During the late 1980s, laying of roads led to increase in demand for construction material. The National Mining Commission was formed in 1988. North Korea financed the Ugandan government's project to rehabilitate the Kilembe copper mine.

Mineral Wealth Conference To Address Value Addition In sector

Uganda Chamber of Mines and Petroleum (UCMP) will this week on Thursday at Sheraton Hotel Kampala kick off a two day Mineral Wealth Conference where issues of value addition are high on the meeting’s agenda.

 

About 400 delegates from different parts of the world will be in Kampala to attend the fourth annual Mineral Wealth Conference (MWC), come October 1st and 2nd, 2015 in Kampala. They will be looking at how they can invest in Uganda’s mining sector.

The theme of the conference is “Minerals Value Addition – Road to Development”, a subject which Richard Kaijuka, the UCMP Vice Chairman, said ‘calls for focus, determination and hard work” and that it ‘it will not happen overnight’.
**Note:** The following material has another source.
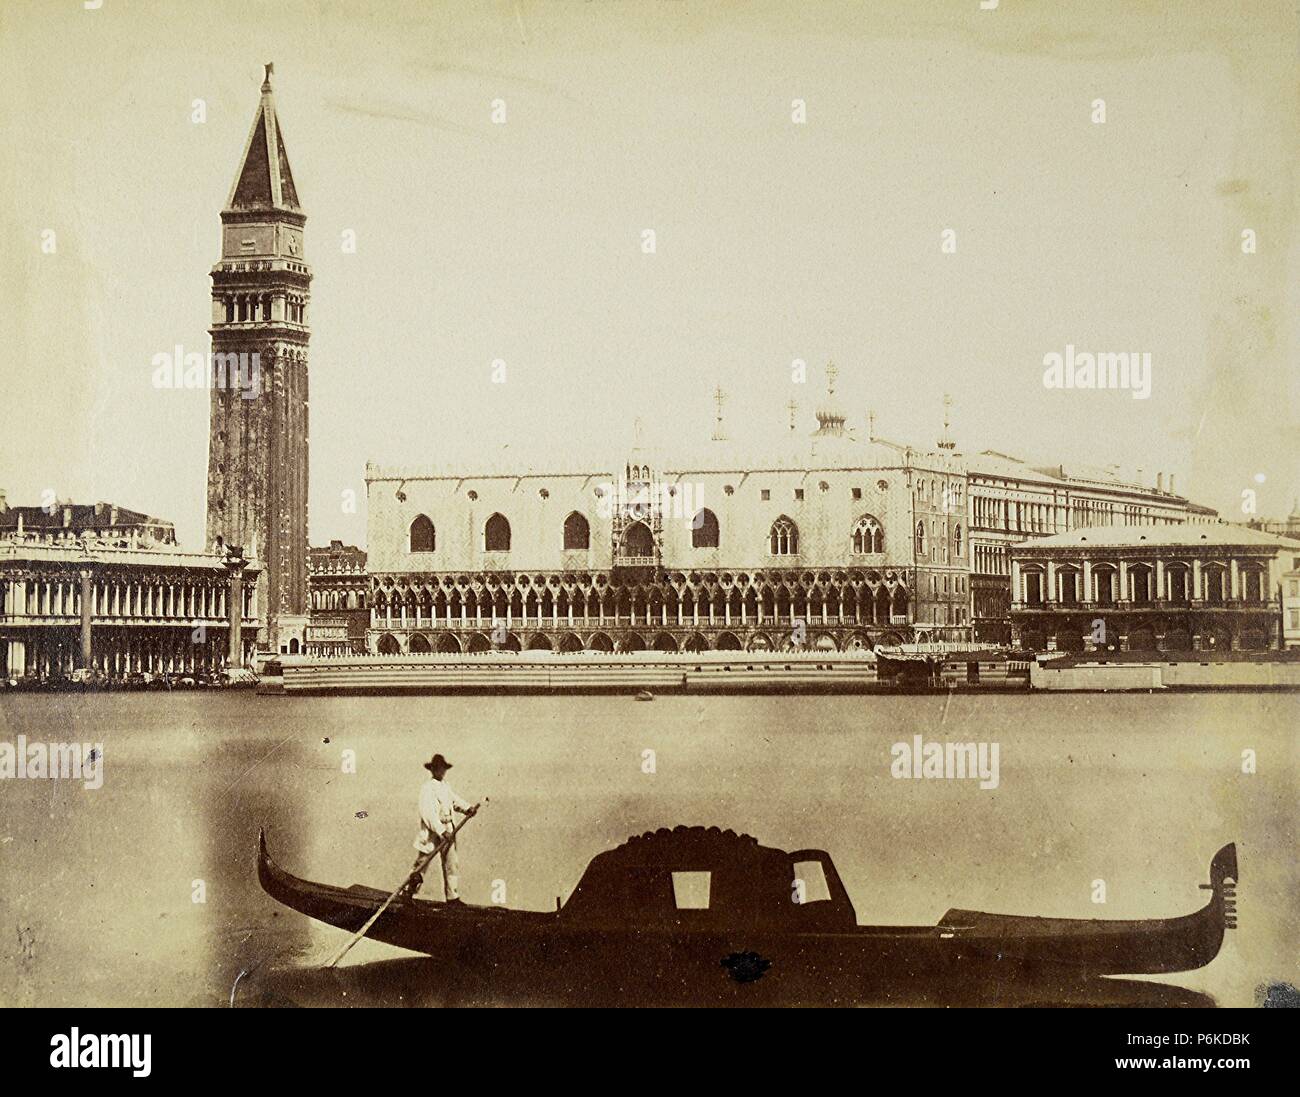 Venecia, la góndola y el Palacio Ducal. Foto de stock

Uganda enjoys a wealth of minerals ranging from gold, copper, iron ore, vermiculite, tin, tantalite, tungsten, nickel, platinum, phosphate and others which are yet to be fully exploited to their full potential. The conference is one of the efforts in the direction of full utilization of the natural resources.

 

Kaijuka speaking at a press conference said Uganda is confident to add value because it has been done before elsewhere even if the road is long. To establish a large scale mine by world standards, at least $5m to $100m is needed in the exploration process – from discovery to proving feasibility.

 

However, due to a fall in metal prices and a global economic downturn, exploration expenditure has plummeted by at least 30% worldwide with an additional 15% to 20% decline in exploration investment in Africa predicted in 2015 and beyond.
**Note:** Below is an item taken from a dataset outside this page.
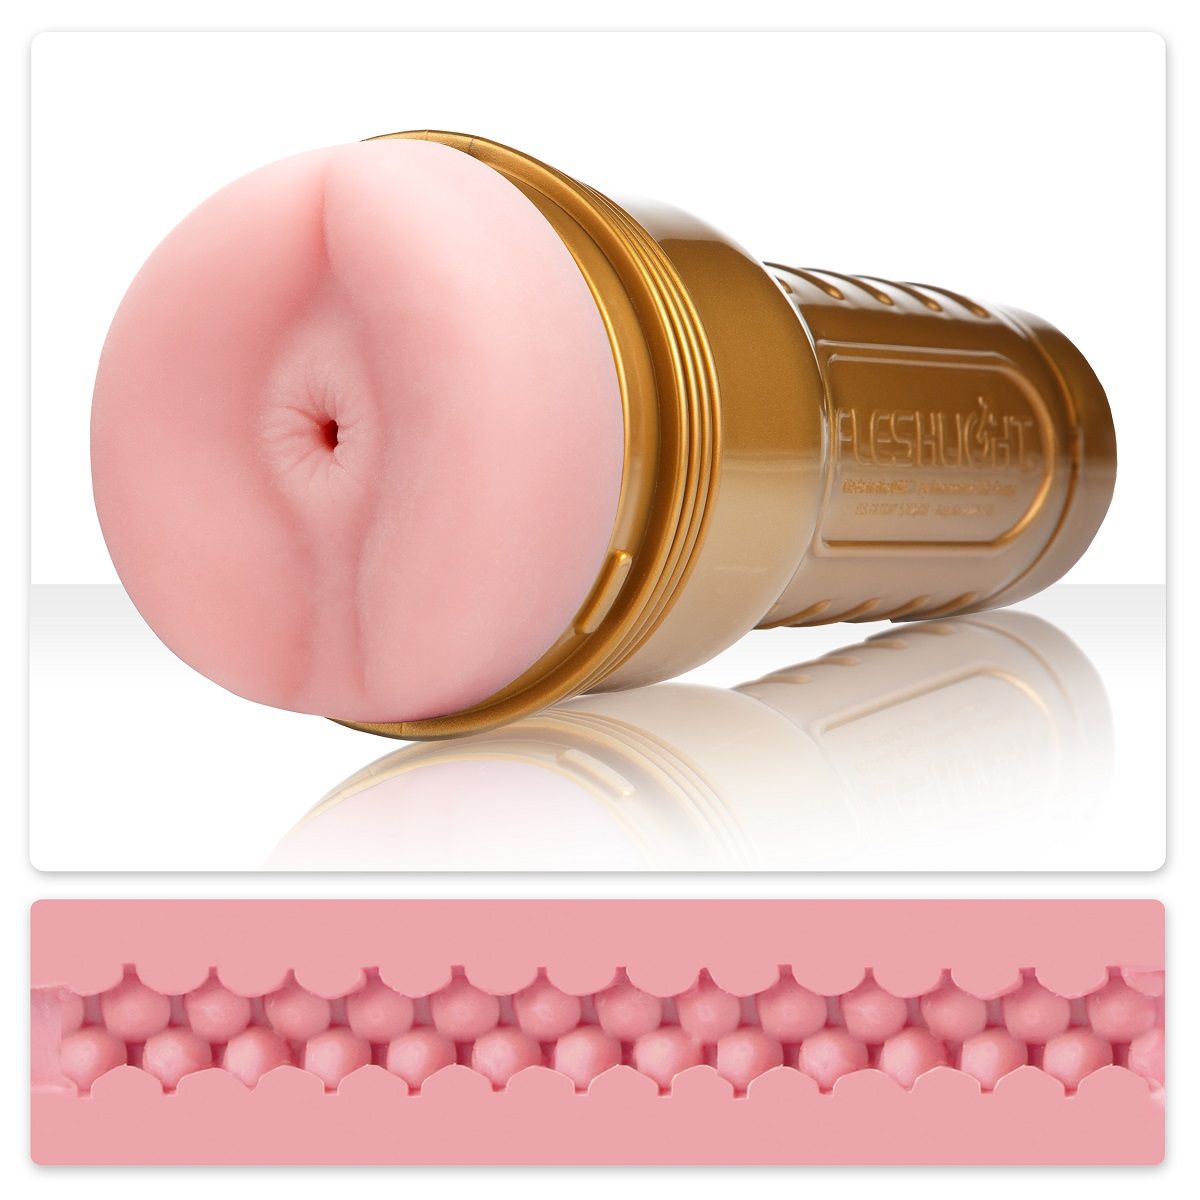 Легендарная секс-игрушка  Fleshlight для мужчин!  Специальная усиленная текстура и реалистичные ощущения позволяют тренировать выносливость. Мягкий, податливый рукав этого мастурбатора изготовлен из запатентованного высококачественного материала, Pink Butt Stamina дает невероятные и незабываемые ощущения. Внутренний рельеф, состоящий из небольших гладких пупырышек по всей длине рукава, в сочетании с узким и плотным каналом производит взрывной эффект! <br><br>  С Fleshlight Gold Stamina Вы сможете регулярно практиковаться и с каждым разом улучшать время своего удовольствия. Перед использованием можно на некоторое время погрузить рукав мастурбатора в теплую воду, чтобы добавить реалистичных ощущений. Корпус мастурбатора выглядит как обычный фонарик и не привлекает постороннего внимания.

 An estimated 90% of junior exploration companies that existed in 2010 are no more; hence there exists a very strong competition for this highly risky capital globally.

 

Fortunately for miners eyeing Uganda, value added tax on exploration activities was scrapped this year after endless lobbying by the UCMP.  A ban on mineral exports was also lifted recently by President Yoweri Museveni, further encouraging more investments in the sector.

 

“These developments have been very exciting for not only members of the Uganda Chamber of Mines and Petroleum but also for the country at large,” said Kaijuka, adding “We are particularly encouraged by the government’s review of the laws and regulations governing mining that has made the legal regime truly user friendly for investors.”

 

Dr. Zwelini Mkhize, the Treasurer General of the African National Congress (ANC) in South Africa, and also a former premier of KwaZulu-Natal, will deliver the Keynote Presentation at the MWC2015.

 

The conference is organized by UCMP in collaboration with Ministry of Energy and Mineral Development, Ministry of Foreign Affairs, Africa Mining Network, Win Win 4 Africa Consultancy & African Legal Support Facility.

The two day conference is sponsored by partners such as Zakhem International Construction, the Democratic Governance Facility (DGF), Stanbic Bank, Hima Cement, Barclays Bank, AON Uganda, ENS Africa, Standard Chartered Bank, Swala Energy, Tororo Cement, United Bank for Africa (UBA), UAP Insurance, Threeways Shipping and Askar Investments.

 

The annual MWC is fast becoming East Africa’s flagship mining convention; playing a significant role in highlighting the huge untapped potential of Uganda’s and the region’s fledging mining industries.